To give an example, this approach was used in the development of the
Euclidean model matching algorithm found in the cctbx
(cctbx/euclidean_model_matching.py
). This algorithm is used to
compare heavy-atom substructures or anomalously scattering
substructures from isomorphous replacement or anomalous diffraction
experiments. The algorithm was first implemented in about 300 lines of
pure Python. We wrote another 200 lines of comprehensive regression
tests for thoroughly debugging the implementation. For a while the pure
Python code actually worked fast enough for us, until we started to
work with a very large substructure with 66 anomalous scatterers. Some
simple optimizations of the Python implementation resulted only in a
modest speedup, but after replacing about 30 lines of Python with a
C++ implementation the algorithm runs about 50 times faster.

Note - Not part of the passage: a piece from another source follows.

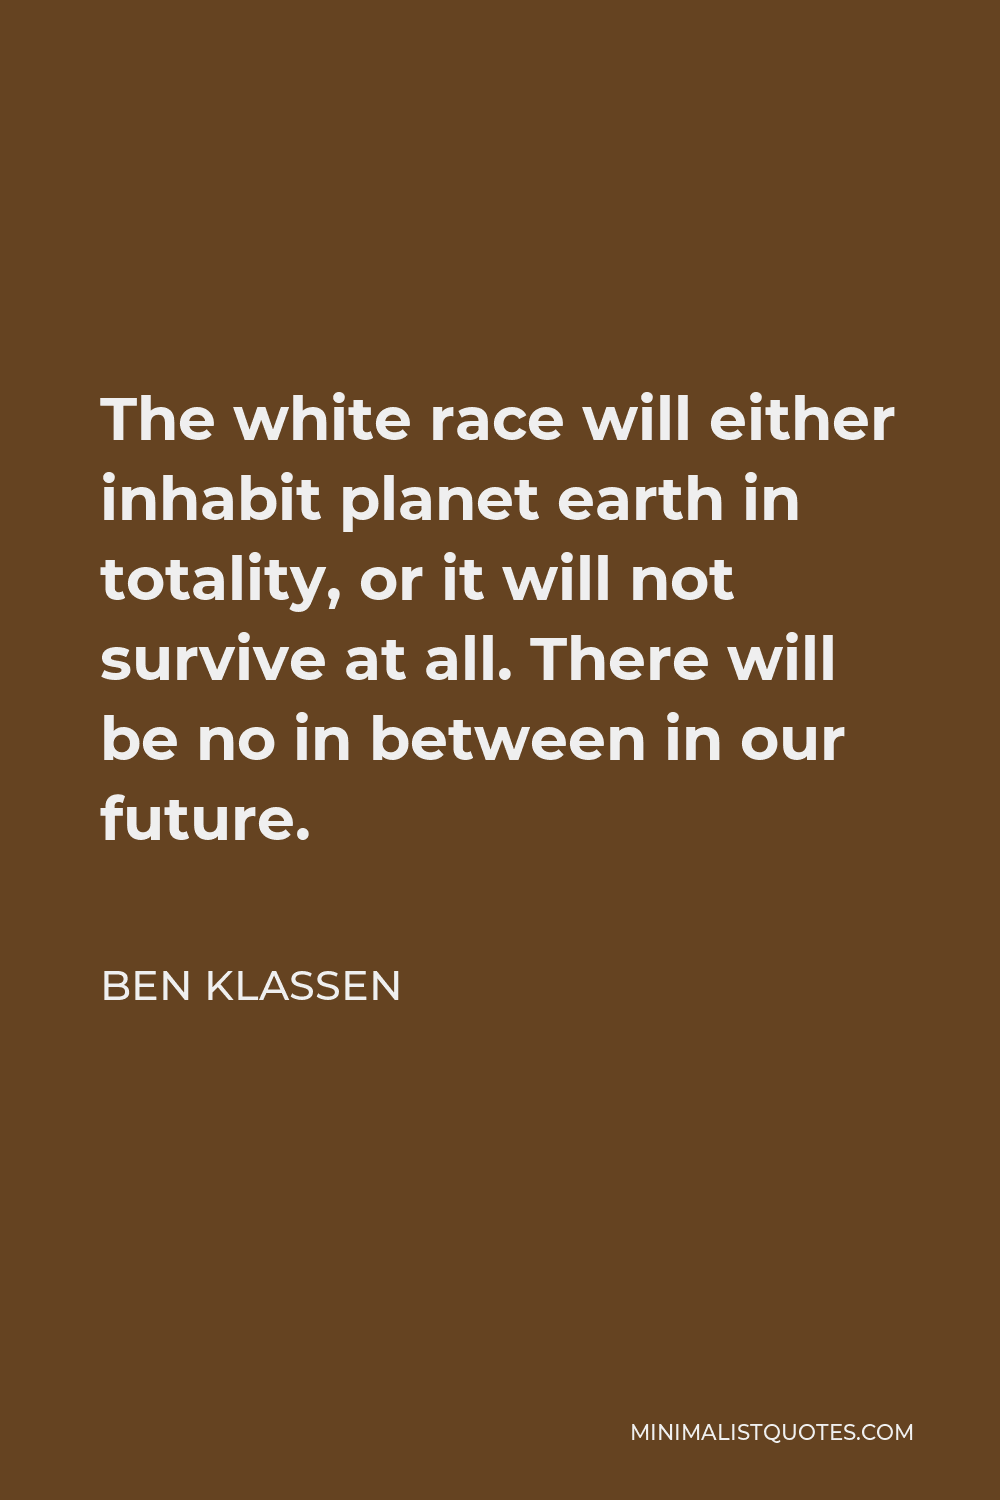 Ben Klassen Quote - The white race will either inhabit planet earth in totality, or it will not survive at all. There will be no in between in our future.

Of course there is still more to gain by reimplementing the entire algorithm in C++. However, one has to keep in mind that developing C++ code is typically much more time-consuming than developing in Python. For example, the 30 lines of Python mentioned in the previous paragraph turned into more then 100 lines of C++, not counting the additional 13 lines for the Boost.Python bindings. It is also important to keep in mind that developing maintainable C++ code requires much more hard-earned working experience than developing useful Python code. C++ has many pitfalls that one must learn to avoid. In contrast the Python language is structured in a way that steers even the novice programmer onto safe routes. In fact, Python was originally conceived as a language for teaching programming. Amazingly this heritage is still preserved even though Python has grown to be a very richly featured language.
Looking back, the cctbx started out mainly as a library of C++ classes with ‘C’ heritage, and for a while the growth was mainly concentrated on the C++ parts. However, a very important difference between the 1.0 release and the upcoming 2.0 release is that the Python parts now constitute a much more significant fraction of the total sources. We expect this trend to continue, as illustrated qualitatively in this figure:
This figure shows the ratio of newly added C++ and Python code over time as new applications are implemented. We expect this ratio to level out near 70% Python. From an inside viewpoint the increasing ability to solve new problems mostly with the easy-to-use Python language rather than a necessarily more arcane statically typed language is the return on a major investment, namely our involvement in the development of Boost.Python. From an outside viewpoint we hope that the ability to solve some problems entirely using only Python will enable a larger group of scientist to participate in the rapid development of new algorithms. It is also important to notice that Python is an ideal language for integrating diverse existing tools, no matter which language they are written in. If portability is not an issue this can be a great solution to some problems. We are convinced that the cctbx can be very useful as an intelligent mediator between otherwise incompatible crystallographic applications.